* **Work instruction**
The lines needed run from the one that contains "Adhigam Pathar" through the end of the material below, both included; write them out exactly, with no pictures.
^^^^^^^^
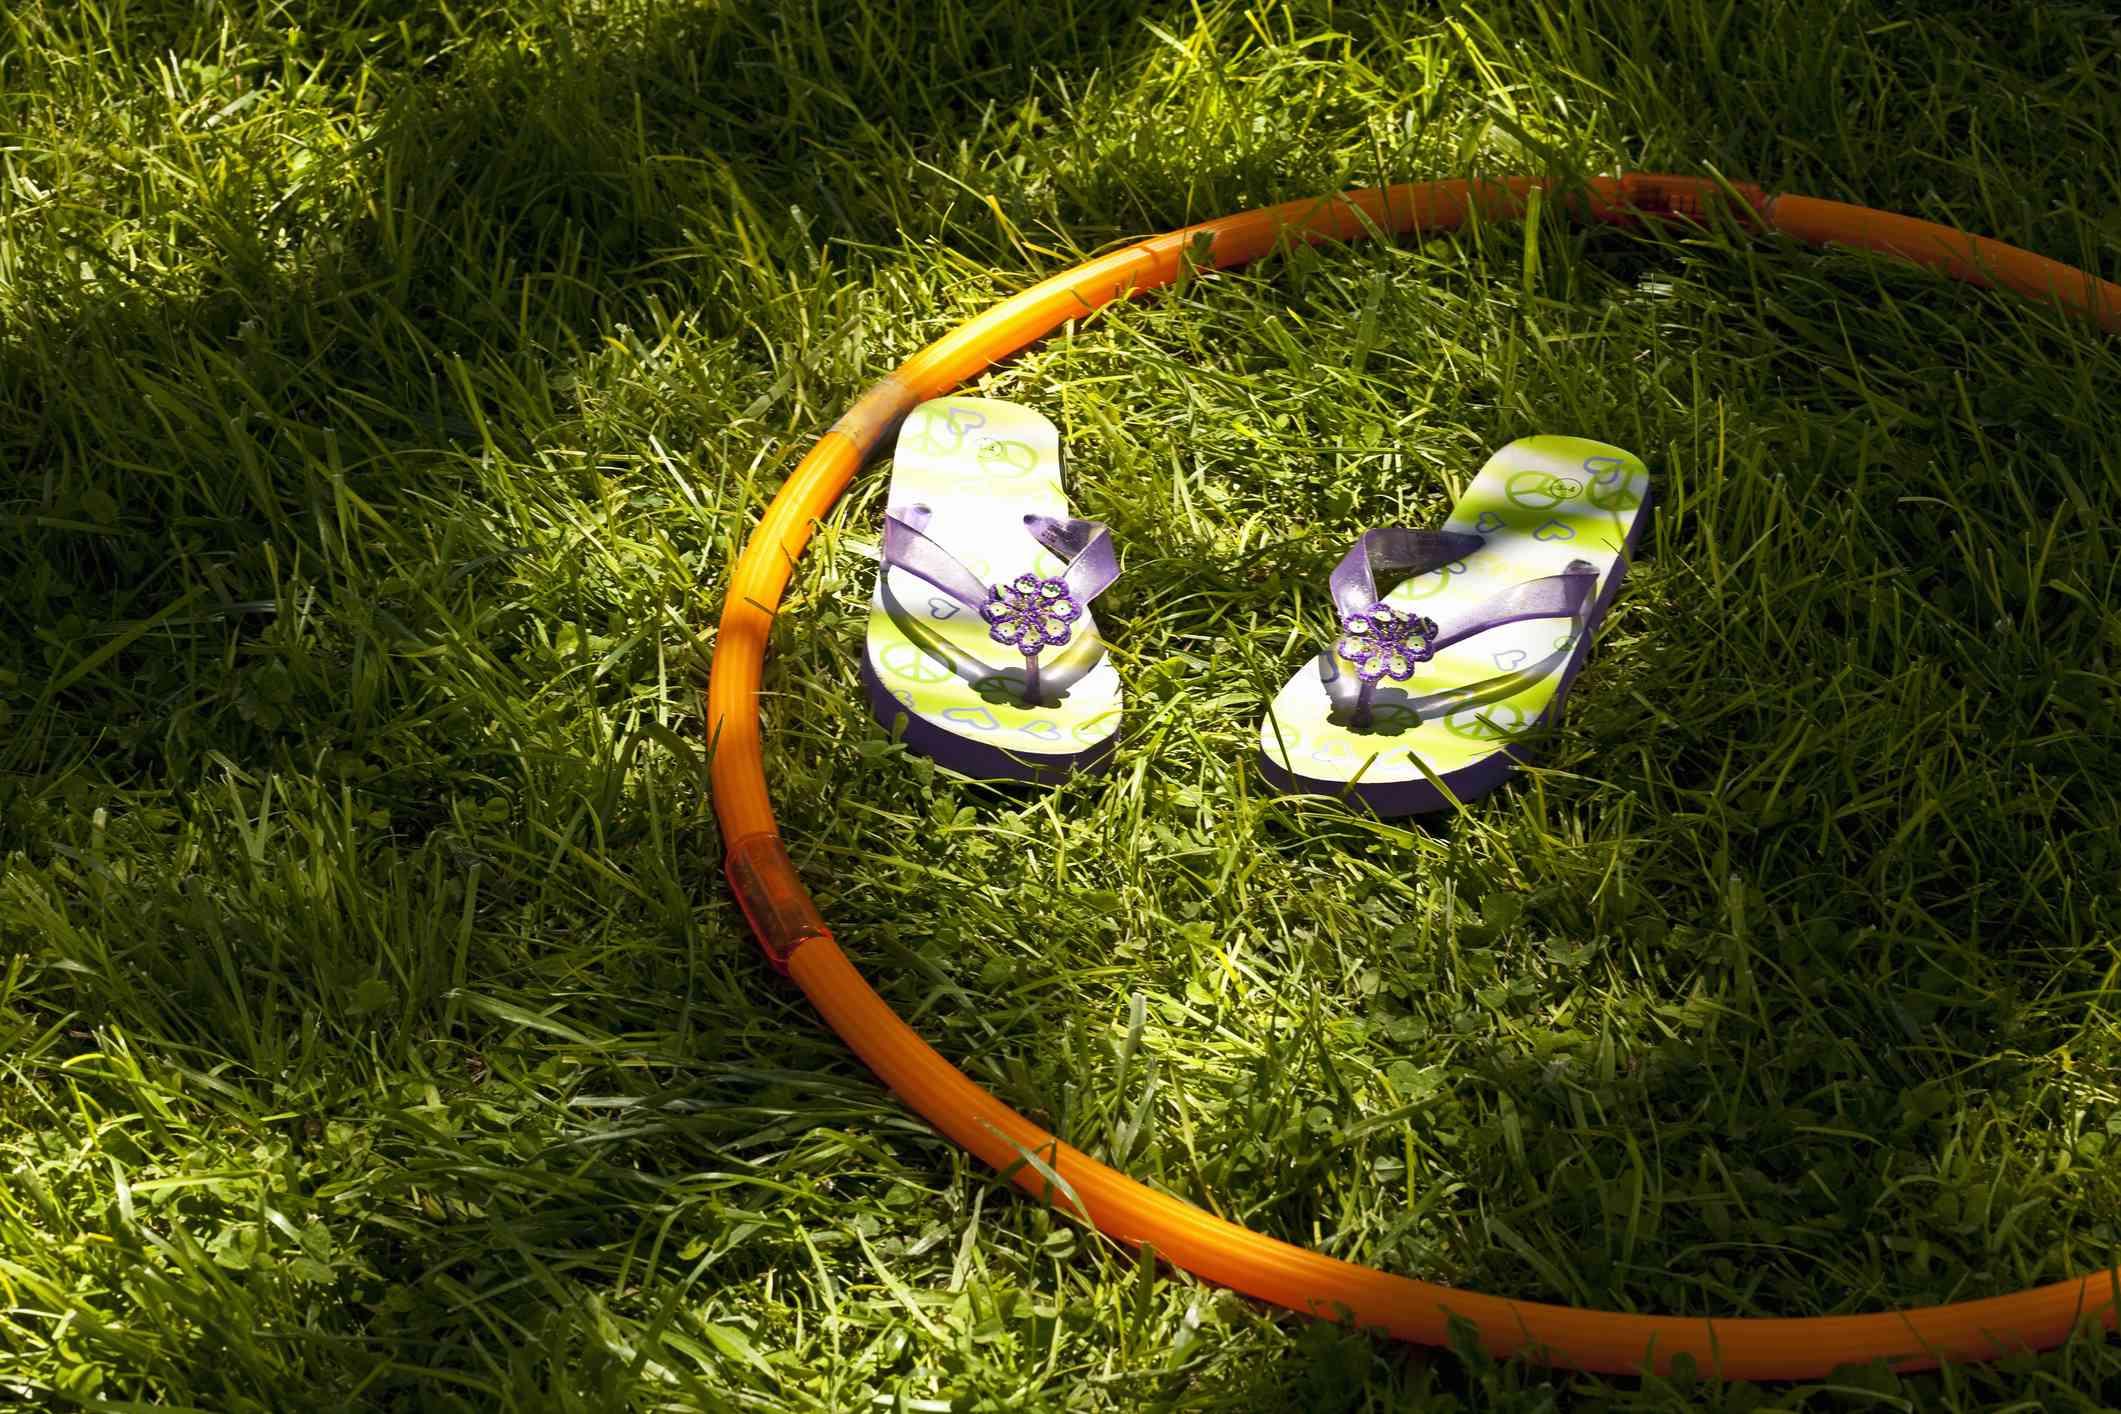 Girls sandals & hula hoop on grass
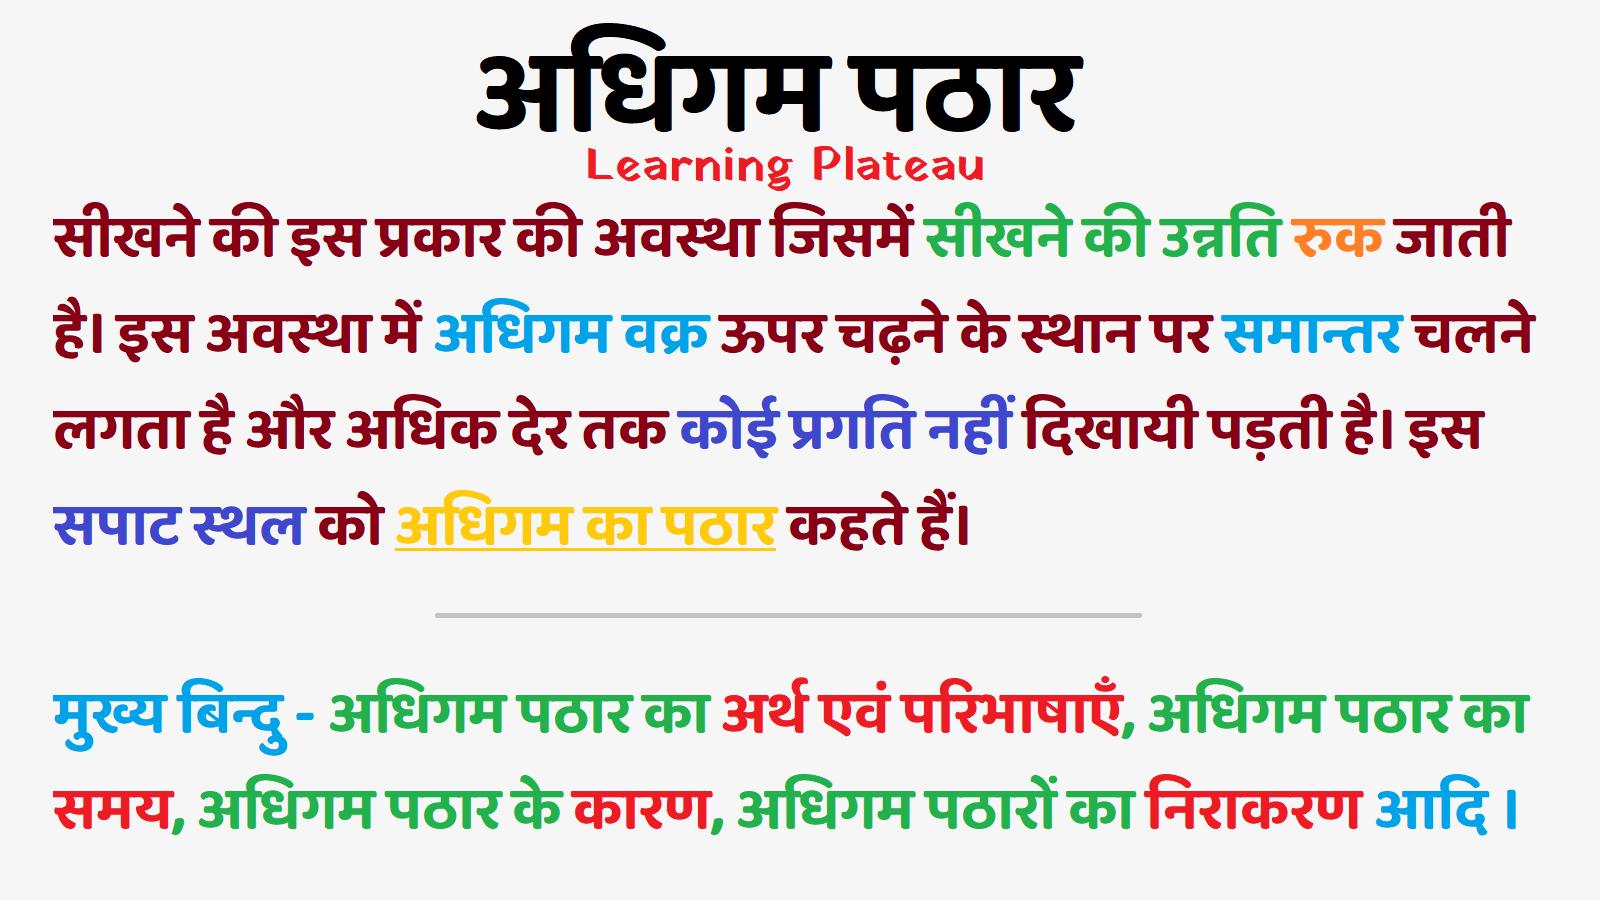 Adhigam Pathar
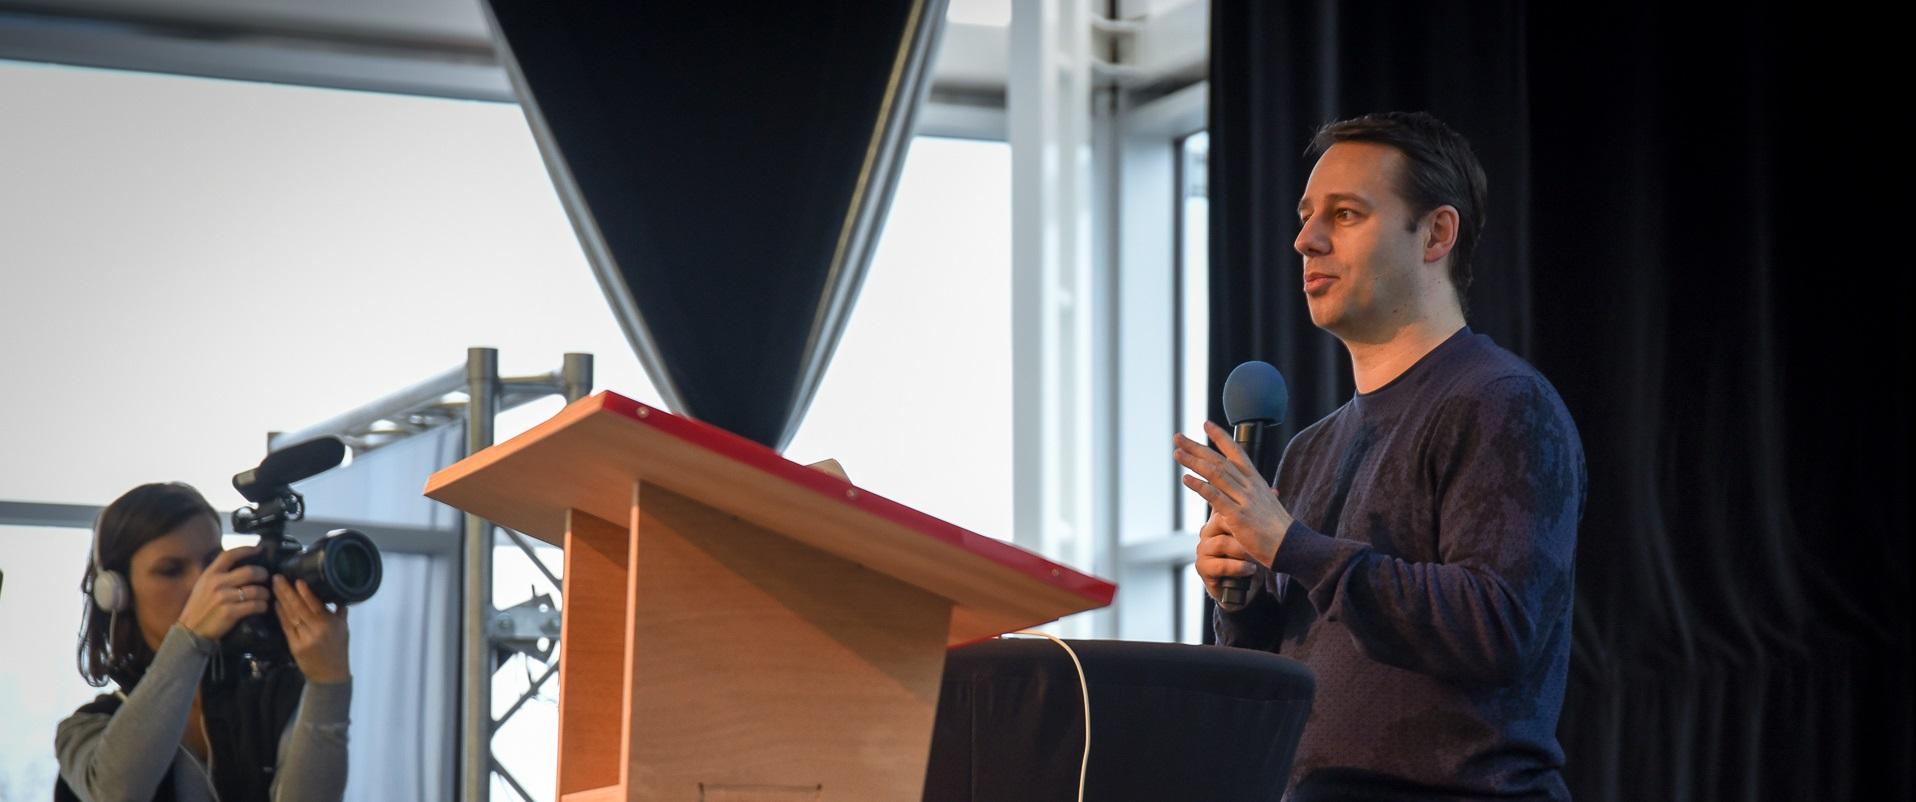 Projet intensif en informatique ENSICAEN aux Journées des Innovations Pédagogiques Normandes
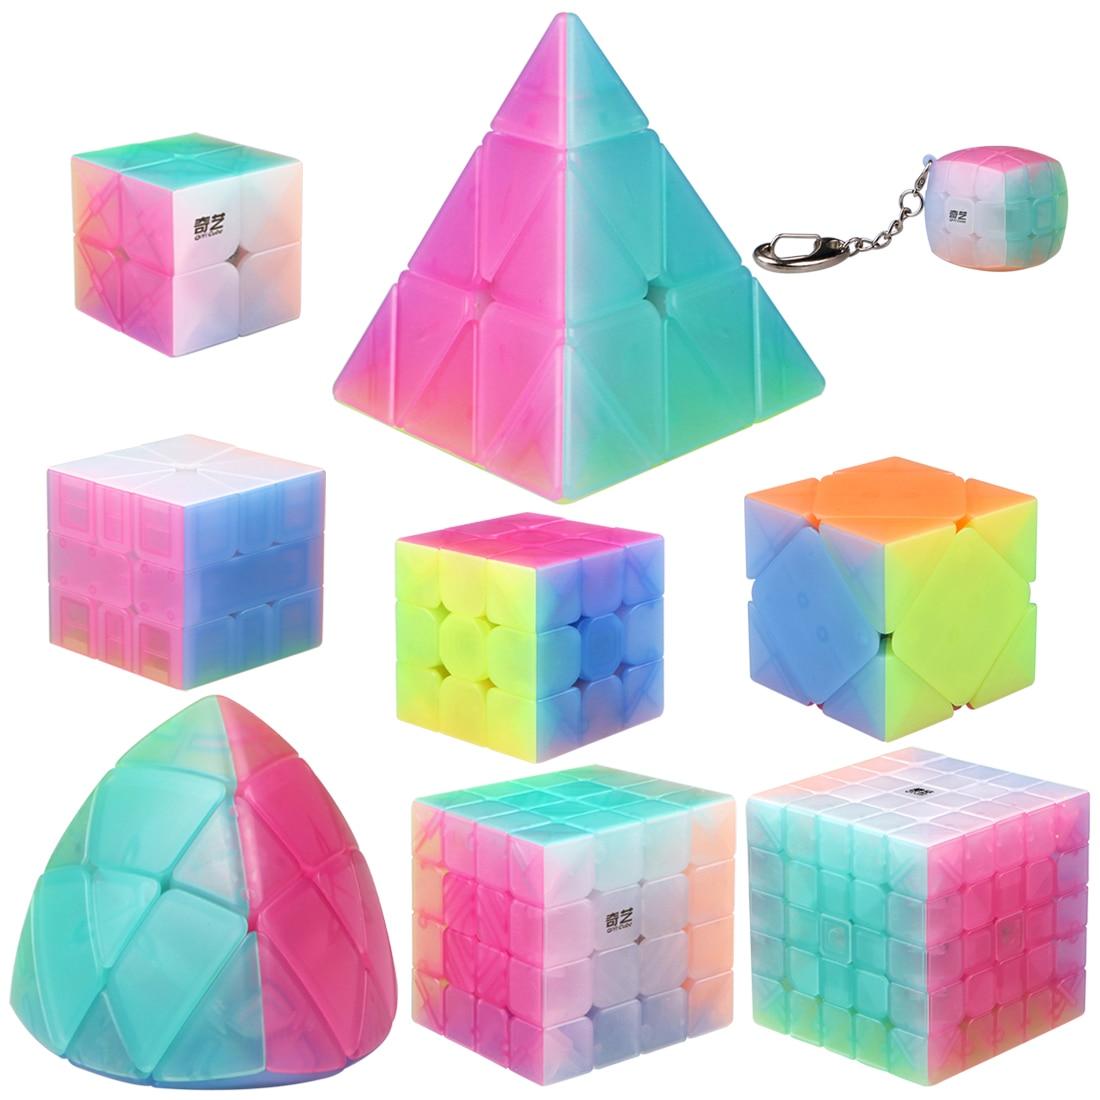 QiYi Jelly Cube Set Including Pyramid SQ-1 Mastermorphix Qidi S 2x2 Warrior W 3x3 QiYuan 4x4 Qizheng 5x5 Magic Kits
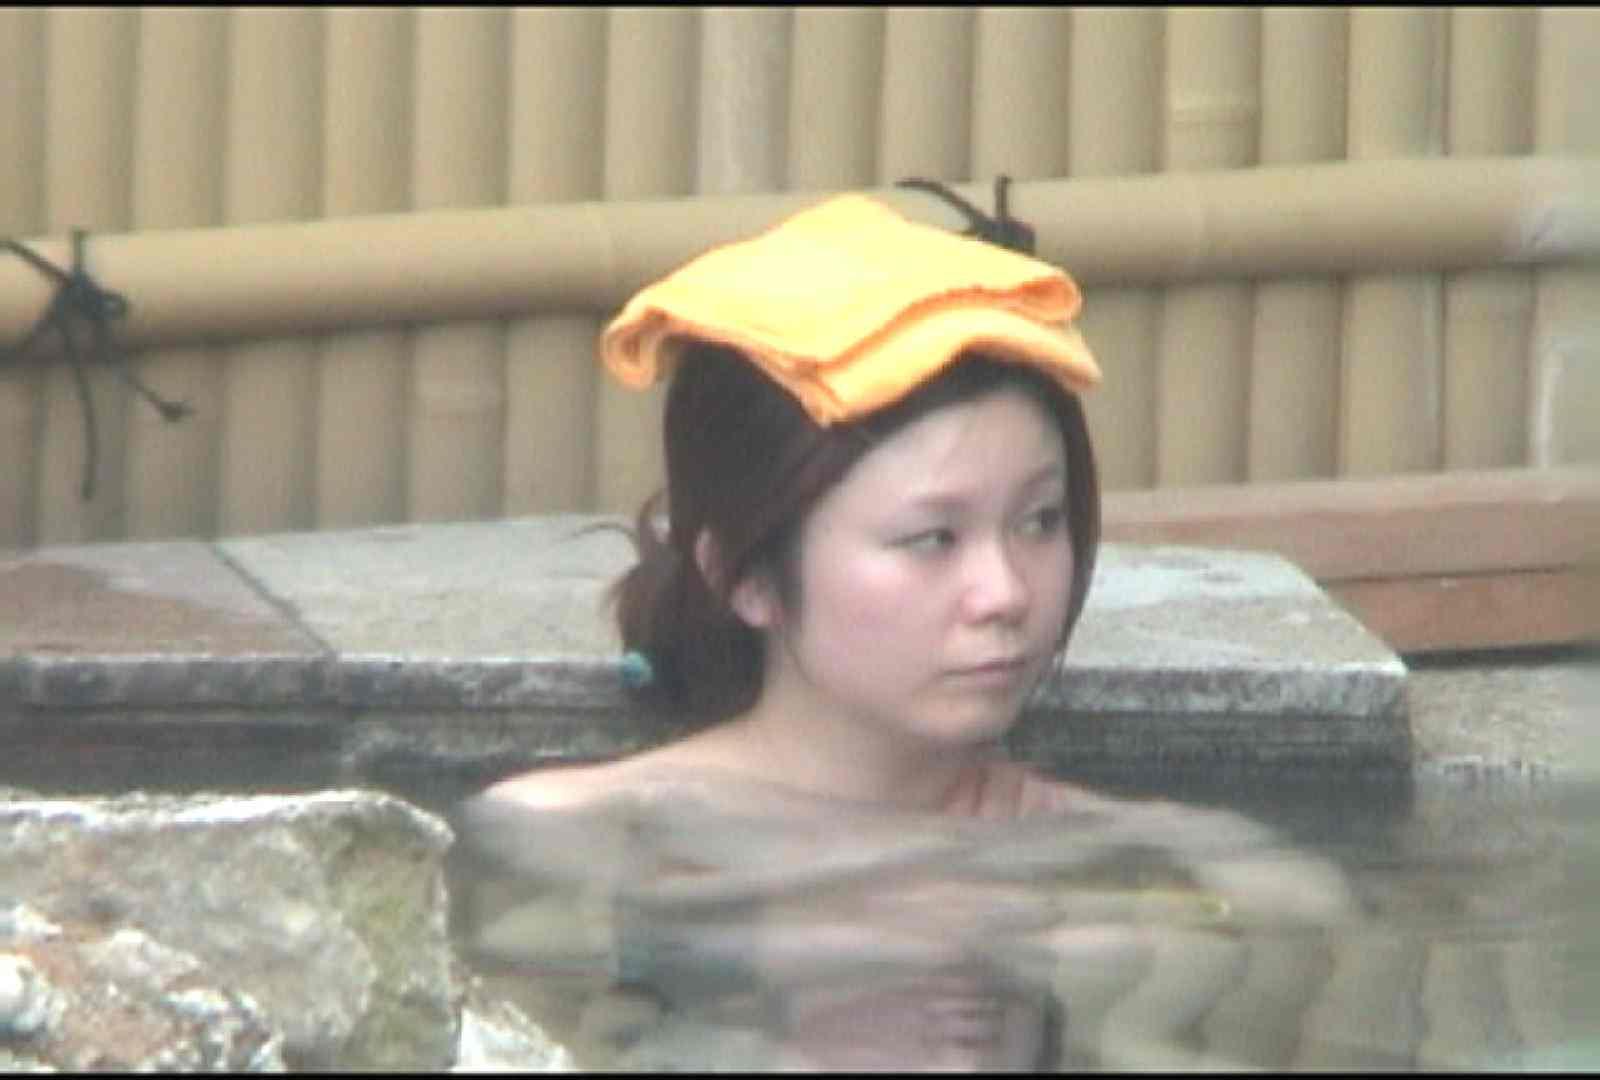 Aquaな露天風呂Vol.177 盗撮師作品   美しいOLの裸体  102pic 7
^^^^^^^^
* **Exercise output**
 Adhigam Pathar
 Projet intensif en informatique ENSICAEN aux Journées des Innovations Pédagogiques Normandes
 QiYi Jelly Cube Set Including Pyramid SQ-1 Mastermorphix Qidi S 2x2 Warrior W 3x3 QiYuan 4x4 Qizheng 5x5 Magic Kits
 Aquaな露天風呂Vol.177 盗撮師作品   美しいOLの裸体  102pic 7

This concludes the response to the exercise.